8. A method for internet content management in the footwear industry according to claim 2, characterized in that, The preset weight rules, the release threshold, and the completion threshold are dynamically adjusted based on historical manual review results, post-release feedback results, or error correction records. The rule engine review process includes prohibited word matching, channel source blacklist matching, grammatical structure legality determination, and trademark or brand field compliance verification.

9. A method for internet content management in the footwear industry according to claim 1, characterized in that, The rule engine review process includes: matching prohibited words, matching the blacklist of channel sources, and determining the legality of the grammatical structure.
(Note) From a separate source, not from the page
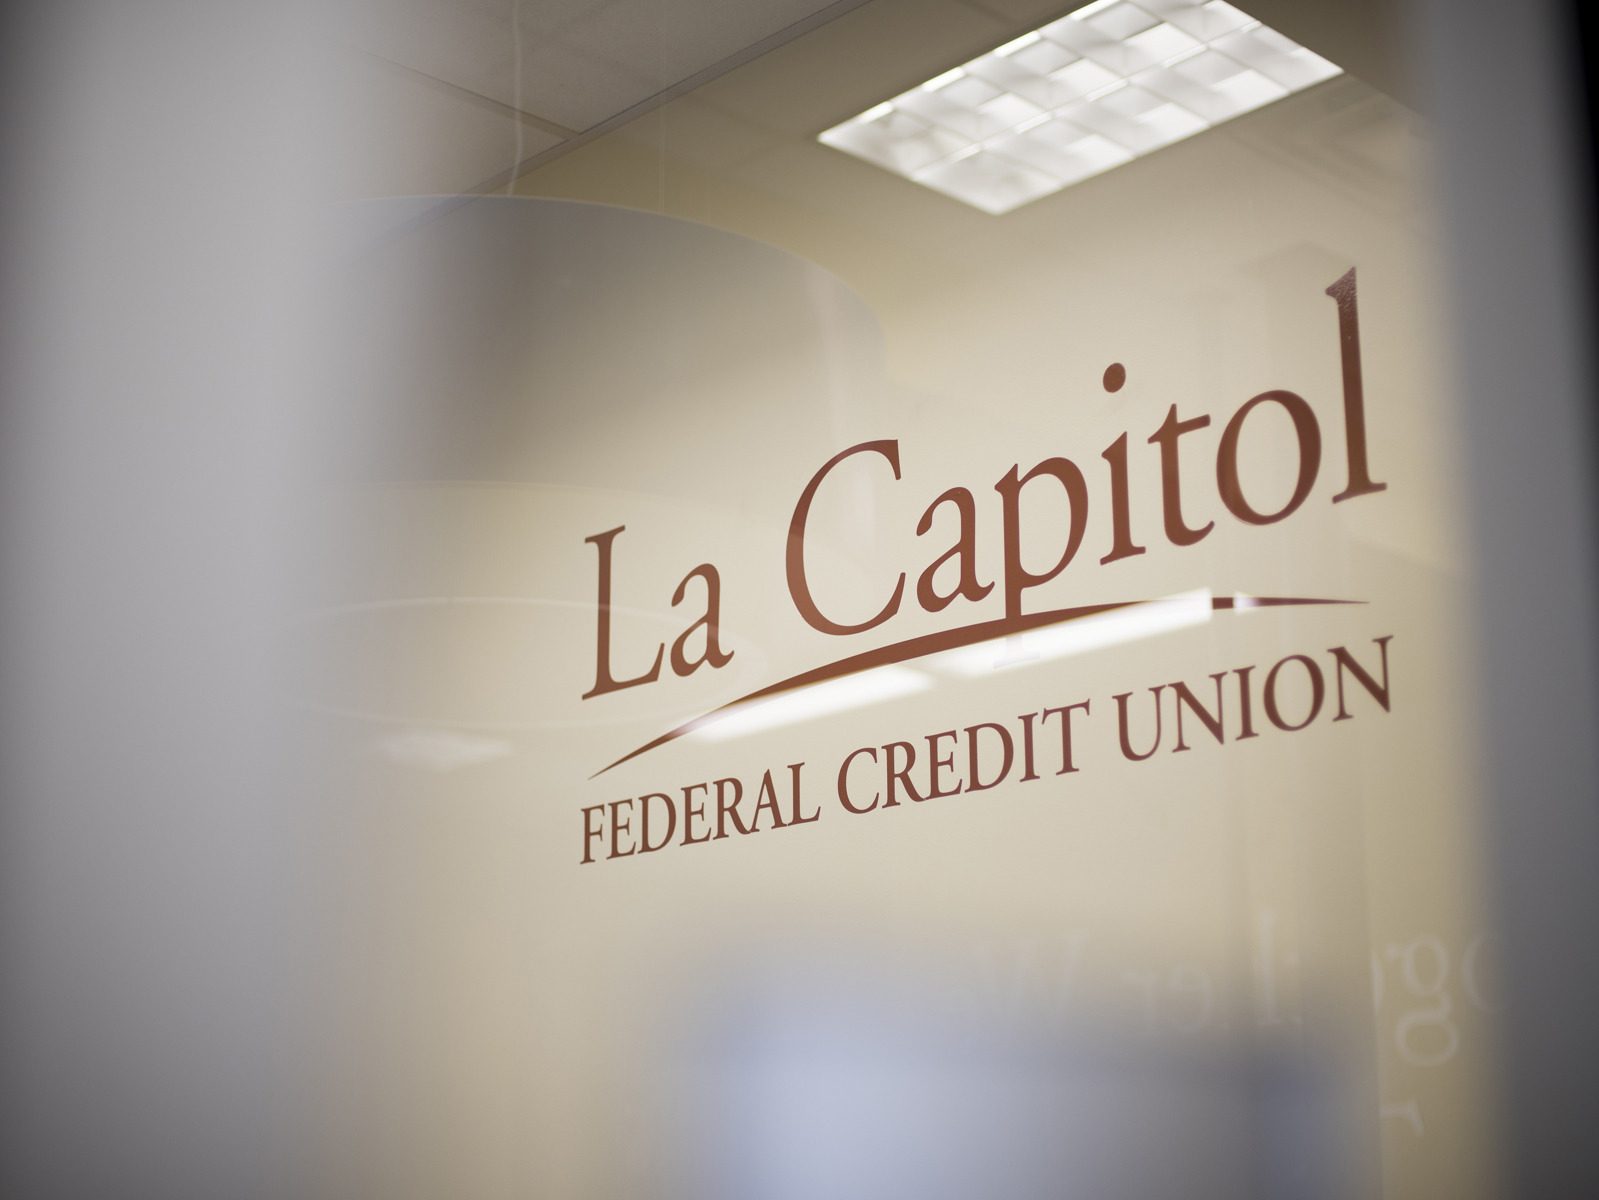 La Capitol Federal Credit Union - Wayfinding

10. A content management system for the footwear industry internet platform, characterized in that, include: The data access module is used to obtain footwear industry-related content data from heterogeneous data sources and attach source identifiers, timestamps, and tenant identifiers. The content modeling module is used to generate content entries based on the footwear content data model. The alignment and deduplication module is used to deduplicate content items; The Quality Assessment and Workflow module is used to perform quality assessments on deduplicated content items, generate quality scores, and automatically set the workflow status of content items. The compliance review module is used to perform rule engine reviews on content items and record review evidence and processing results; The publishing module is used to publish content items, and at the same time generate a publishing snapshot and store it according to a preset retention period; The quality assessment and workflow module includes: The feature extraction unit is used to extract footwear master data features, digital asset features, and channel release parameters; Sub-scoring calculation units are used to calculate the completeness score of footwear fields, the consistency score of the size system, the consistency score of footwear attribute constraints, the matching score between digital assets and footwear master data, and the channel adaptation score, respectively. The fusion scoring unit is used to fuse the sub-scorings according to preset weighting rules to obtain a basic quality score; The scoring correction unit is used to correct the basic quality score based on the constraint conflict terms to obtain a quality score; The status switching unit is used to compare the quality score with preset publishing thresholds and completion thresholds, and trigger a workflow status change for the content item.